Reputation: 143
I am quite new in Python and stuck in a generic tree.
I have 2 columns. Assume names to be A and B. Now the thing is values of column A are parents of the corresponding value in column B. Now the value of column B is again searched in column A. Now it becomes the parent and its corresponding value a child.
For example:
A B
--------
1 2
5 3
2 5
3
Now here for value '1'.
1 is parent. 2 is child of 1. Now 2 is again searched in column A. this now makes 2 a parent and 5 its child.
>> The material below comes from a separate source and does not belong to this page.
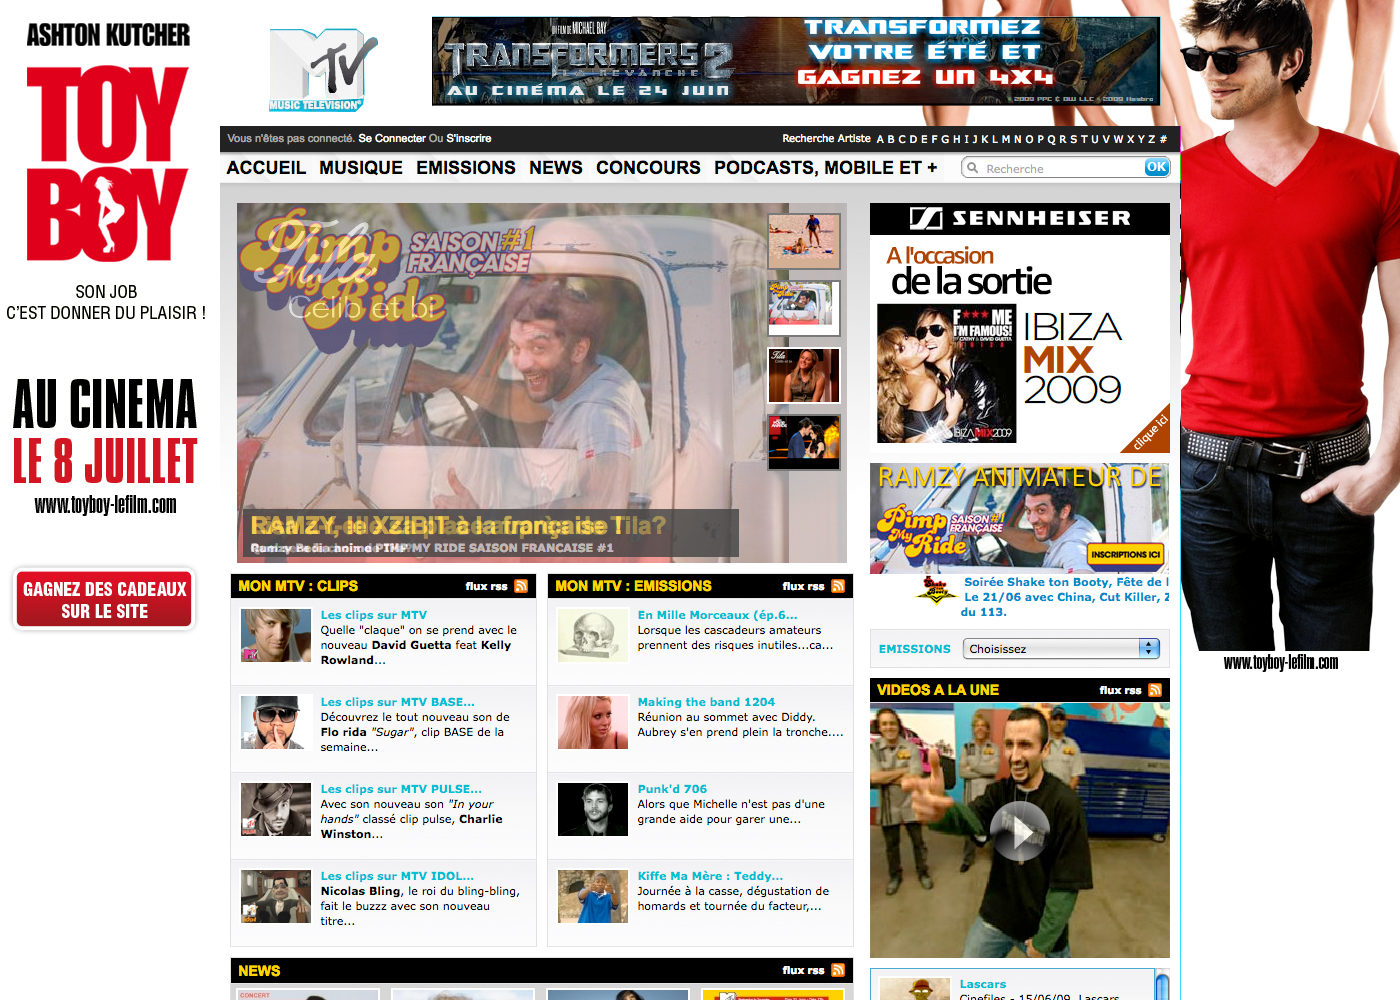 TOYBOY habillage sur le site MTV - integration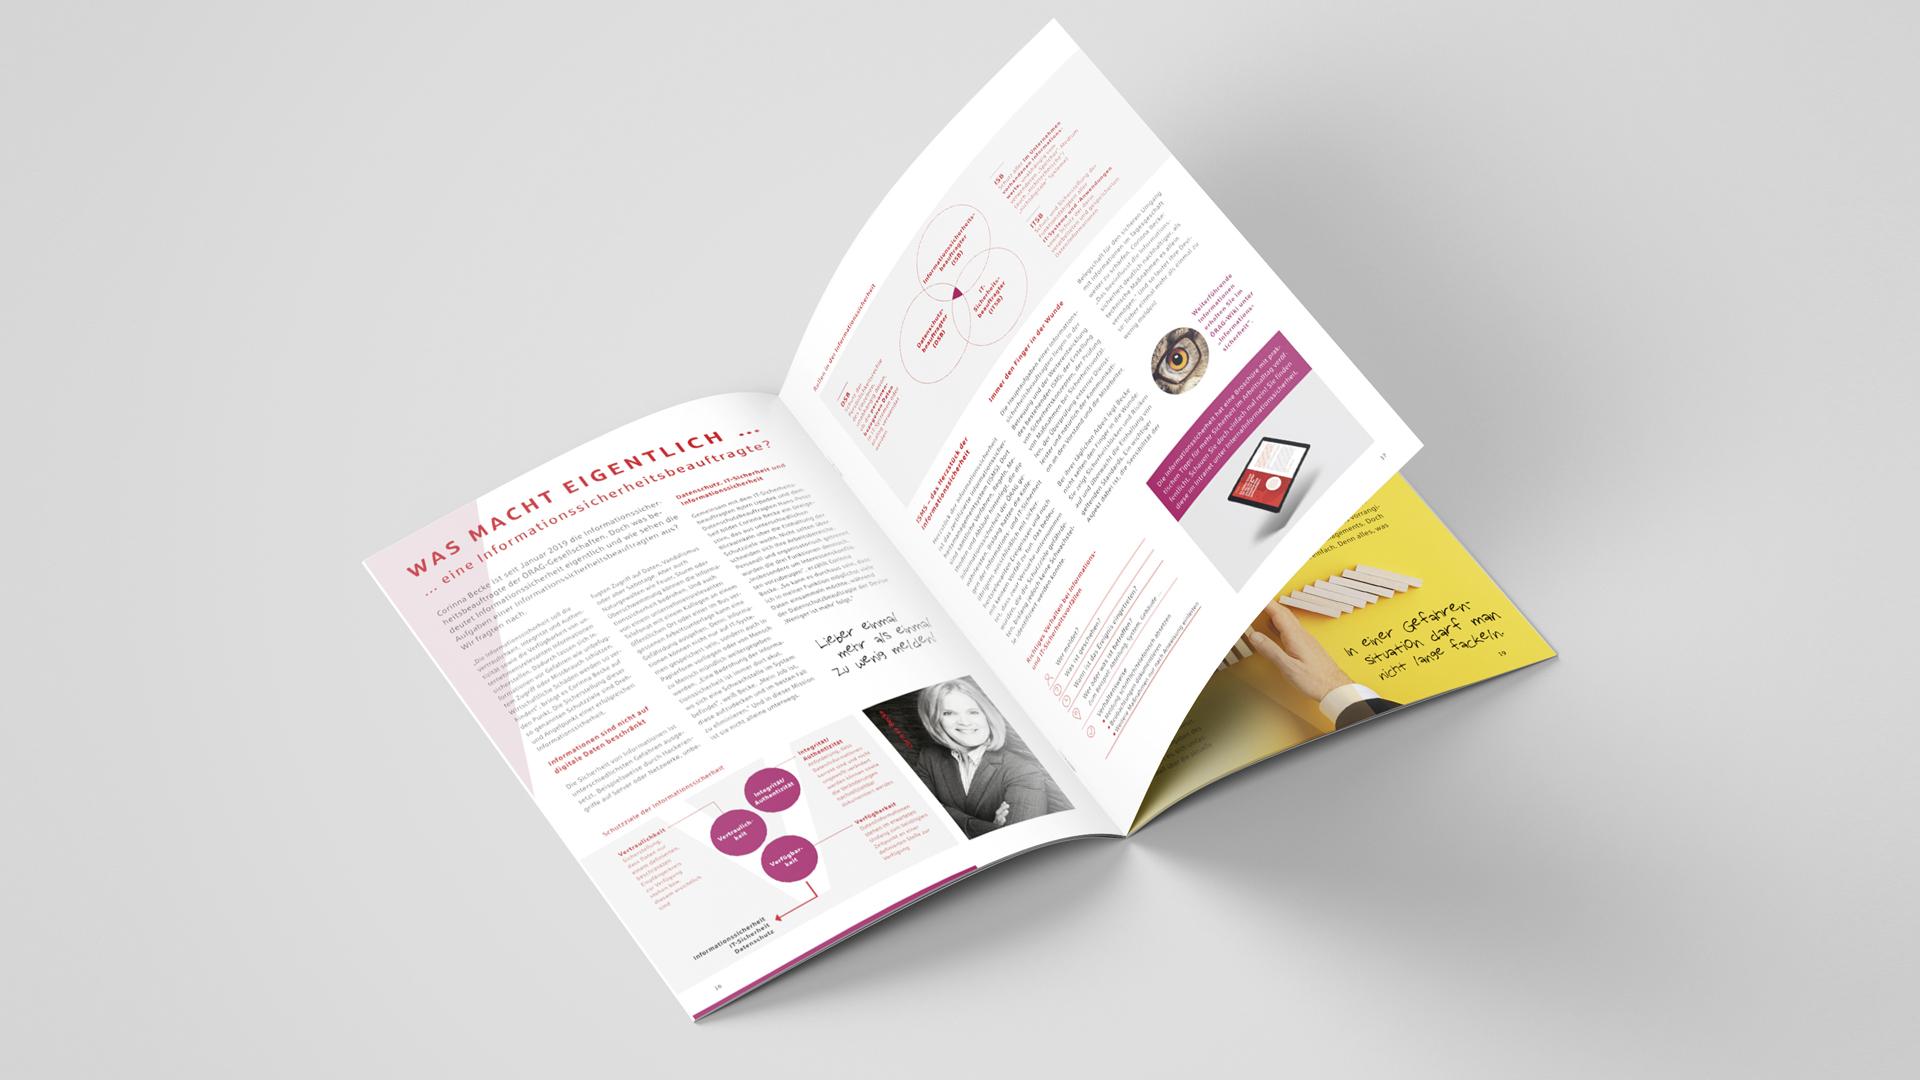 Corporate Publishing – Das neue Mitarbeitermagazin der ÖRAG Gruppe, Doppelseite

Now we search for again it gives us the Value 3 . Same goes for 3 but there is no value in front of 3 so tree ends here and 3 is the leaf node of tree. Here in example I have displayed one child of each parent but in my dataset each parent can have many child and tree goes until all leaf nodes are reached. I know recursion is the solution here but how?
What I need in output is all possibles sets with the parent. In this case [1,2], [1,2,5], [1,2,5,3]. Also if 1 had 2 children let's say 2 and 4.
Then [1,2,4] will also be counted as a set. Any help here? I am struggling really hard!
Venky = {}
def Venkat(uno):
x = df[df.ColA == uno]
data = list(zip(x['ColB'],x.ColA))
Venky[uno] = Node(uno)
for child,parent in data:
Venky[child] = Node(child, parent=Venky[uno])
print(Venky[child])
y = df[df['ColA'] == (Venky[child]).name]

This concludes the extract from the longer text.